Classification of Electroencephalograms during Mathematical Calculations Using Deep Learning
This work addresses brain-computer interface applications by improving EEG classification for understanding neural activity during cognitive tasks, but it is incremental as it applies existing deep learning methods to a specific dataset.
The paper tackled the problem of classifying EEG signals during mathematical calculations versus before calculations, achieving 99.72% accuracy using entropy features and a ConvLSTM classifier.
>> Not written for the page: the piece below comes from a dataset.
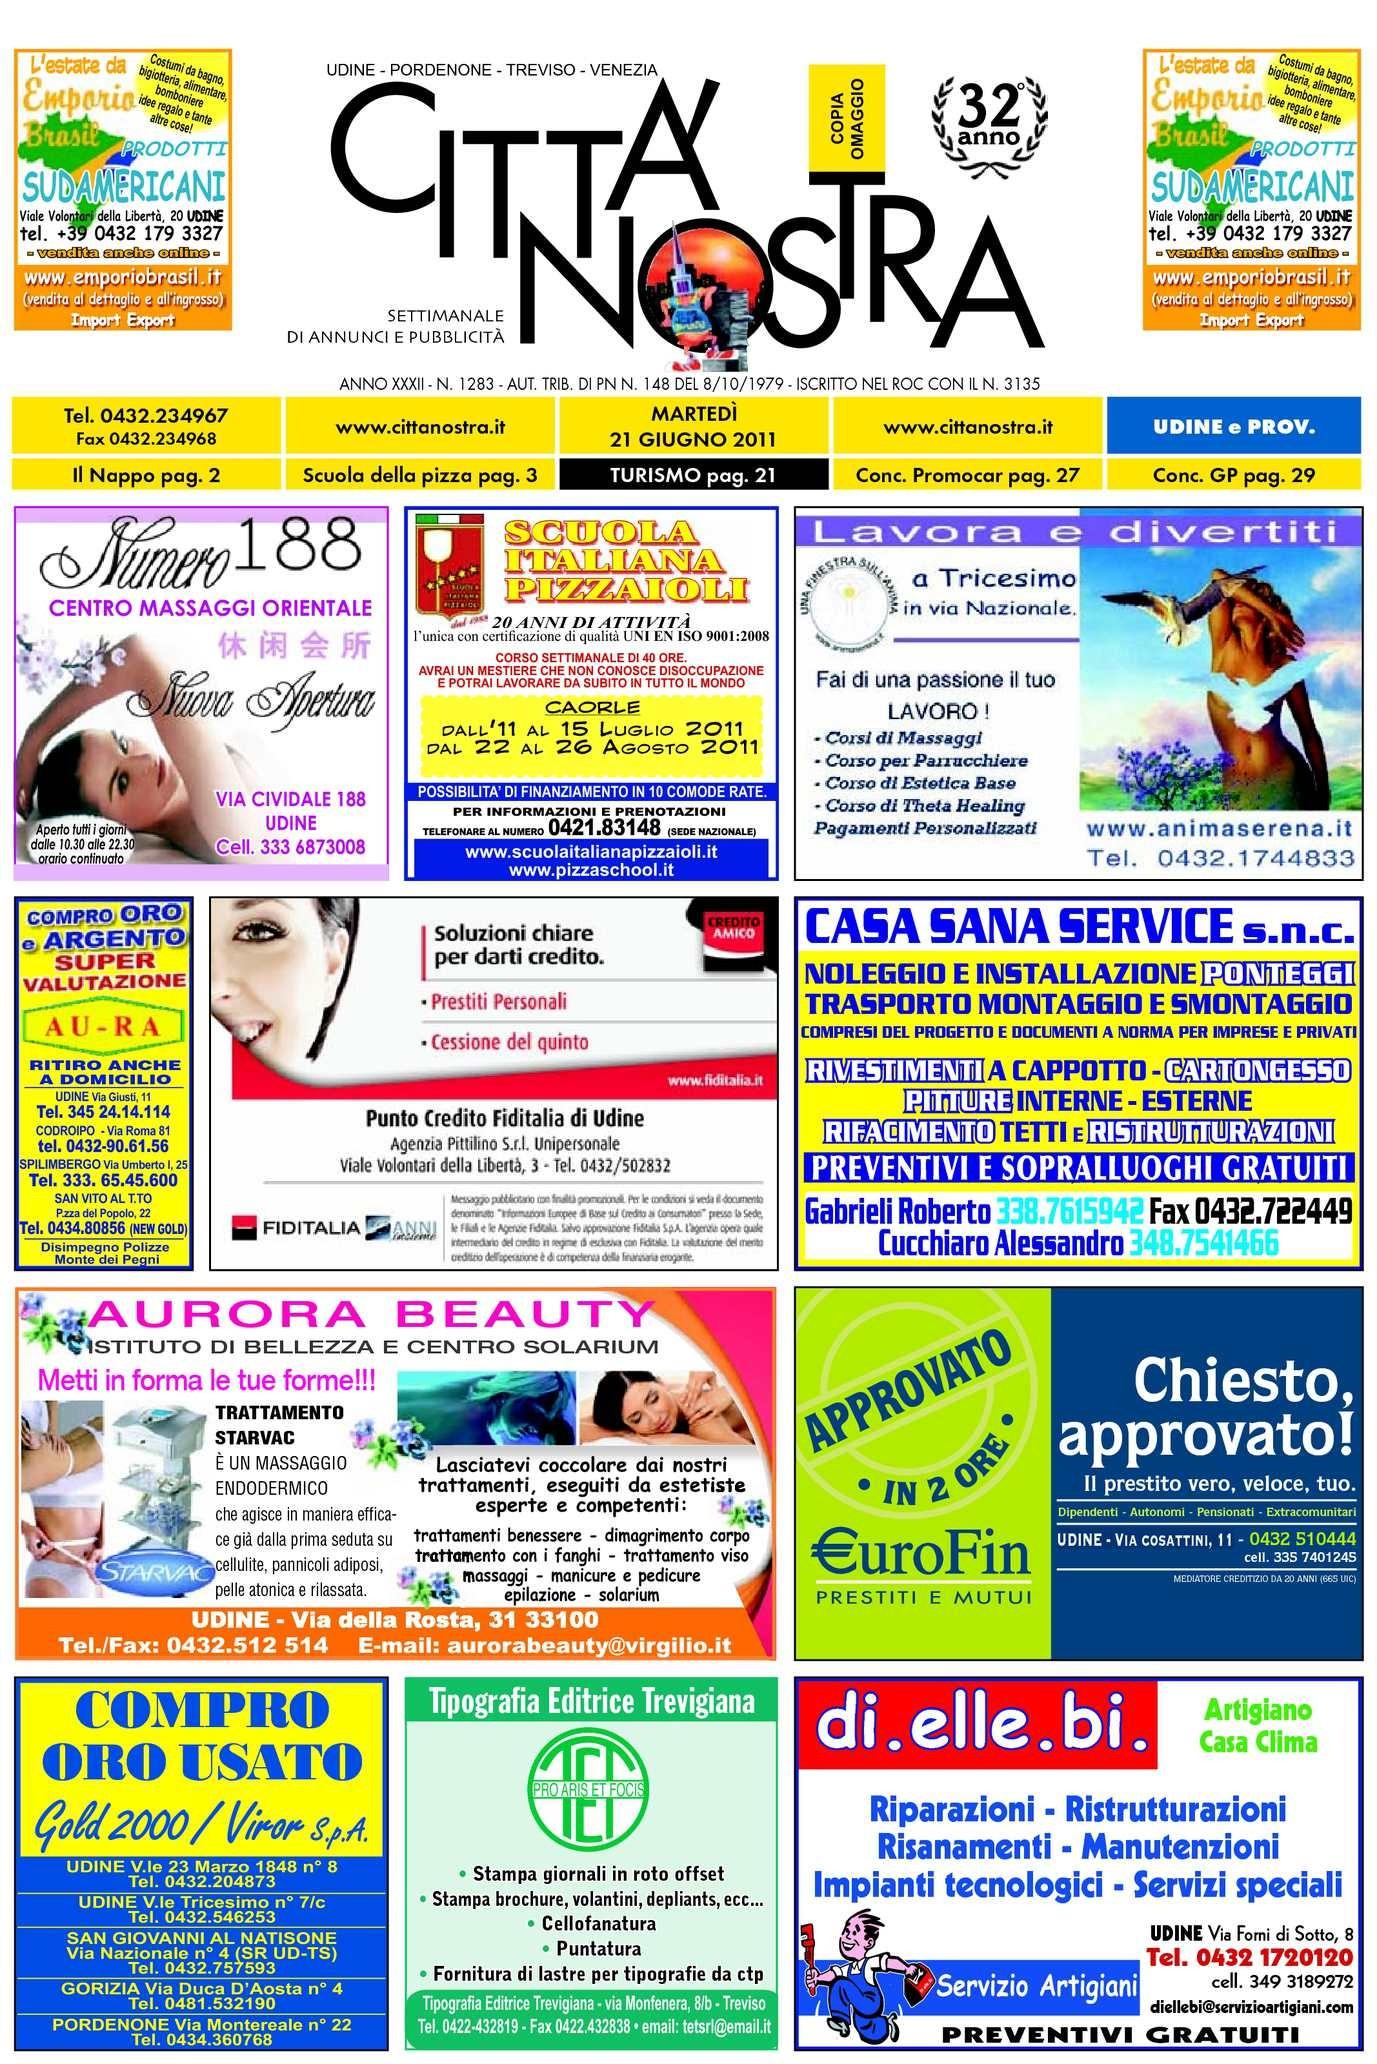 Calaméo Citt Nostra Udine del 21 06 2011 n 1283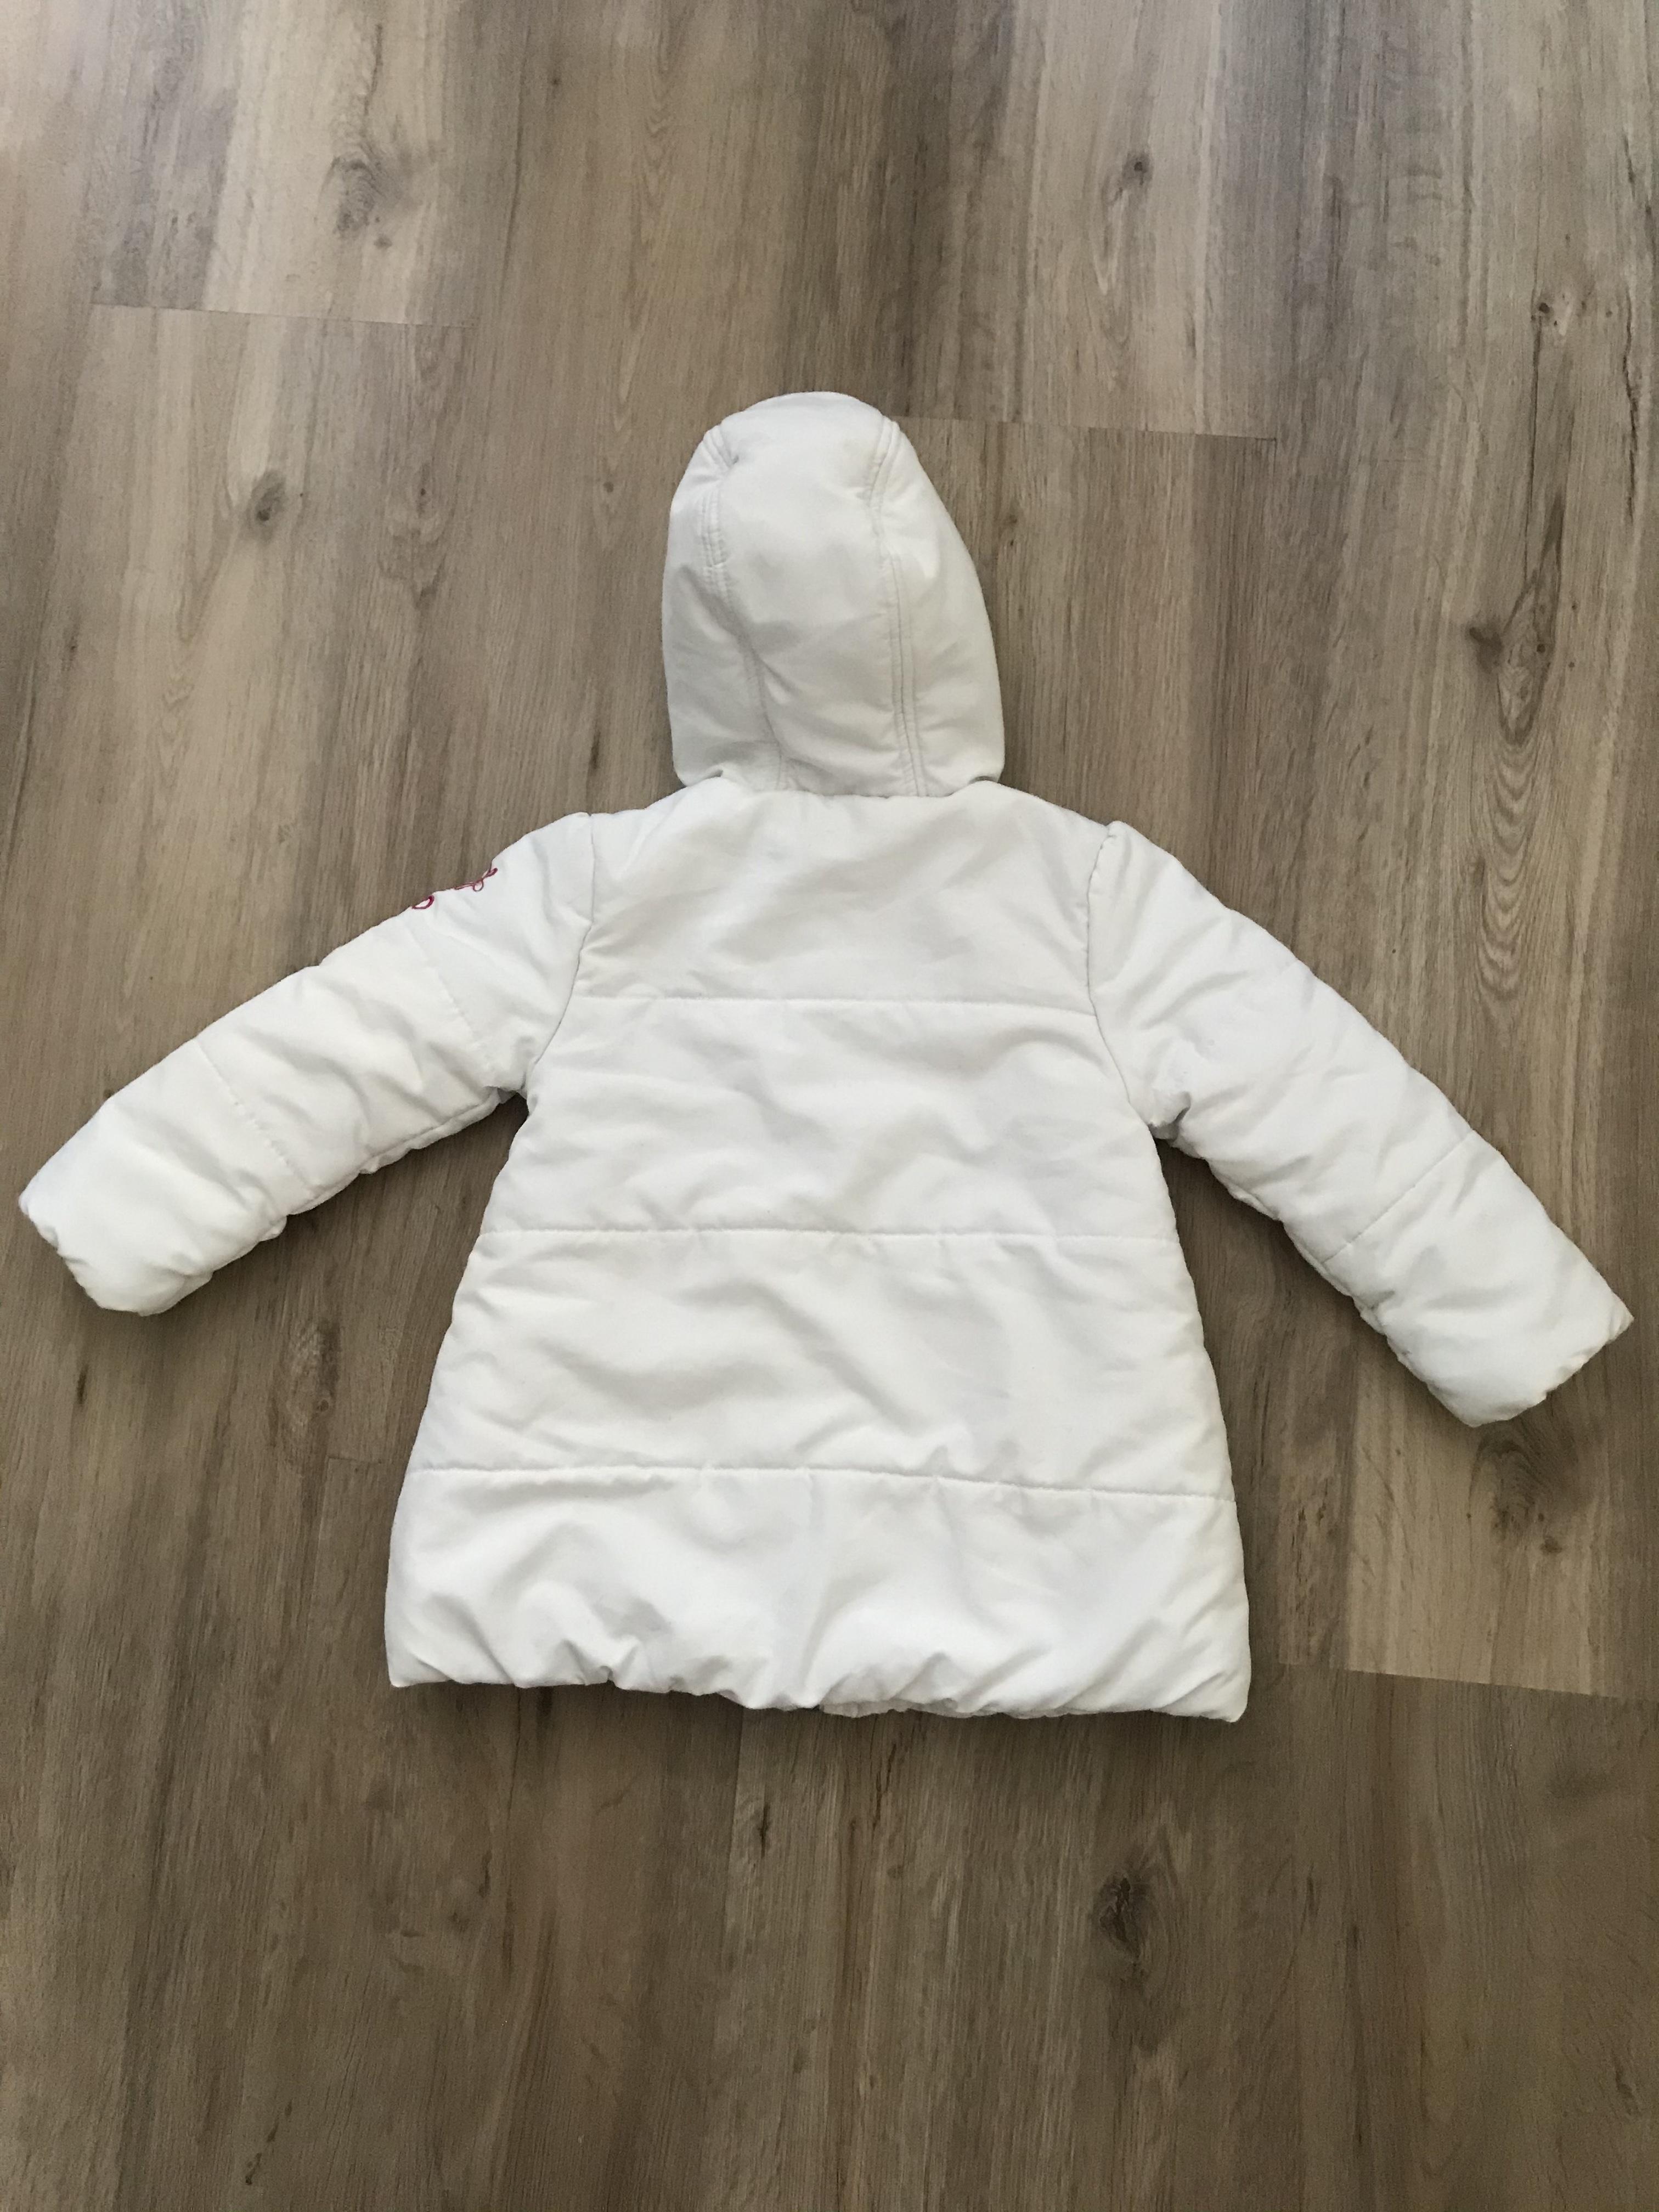 Süße weiße Frühjahrsjacke Gr. 92 kostenlos

Classifying Electroencephalogram(EEG) signals helps in understanding Brain-Computer Interface (BCI). EEG signals are vital in studying how the human mind functions. In this paper, we have used an Arithmetic Calculation dataset consisting of Before Calculation Signals (BCS) and During Calculation Signals (DCS). The dataset consisted of 36 participants. In order to understand the functioning of neurons in the brain, we classified BCS vs DCS. For this classification, we extracted various features such as Mutual Information (MI), Phase Locking Value (PLV), and Entropy namely Permutation entropy, Spectral entropy, Singular value decomposition entropy, Approximate entropy, Sample entropy. The classification of these features was done using RNN-based classifiers such as LSTM, BLSTM, ConvLSTM, and CNN-LSTM. The model achieved an accuracy of 99.72% when entropy was used as a feature and ConvLSTM as a classifier.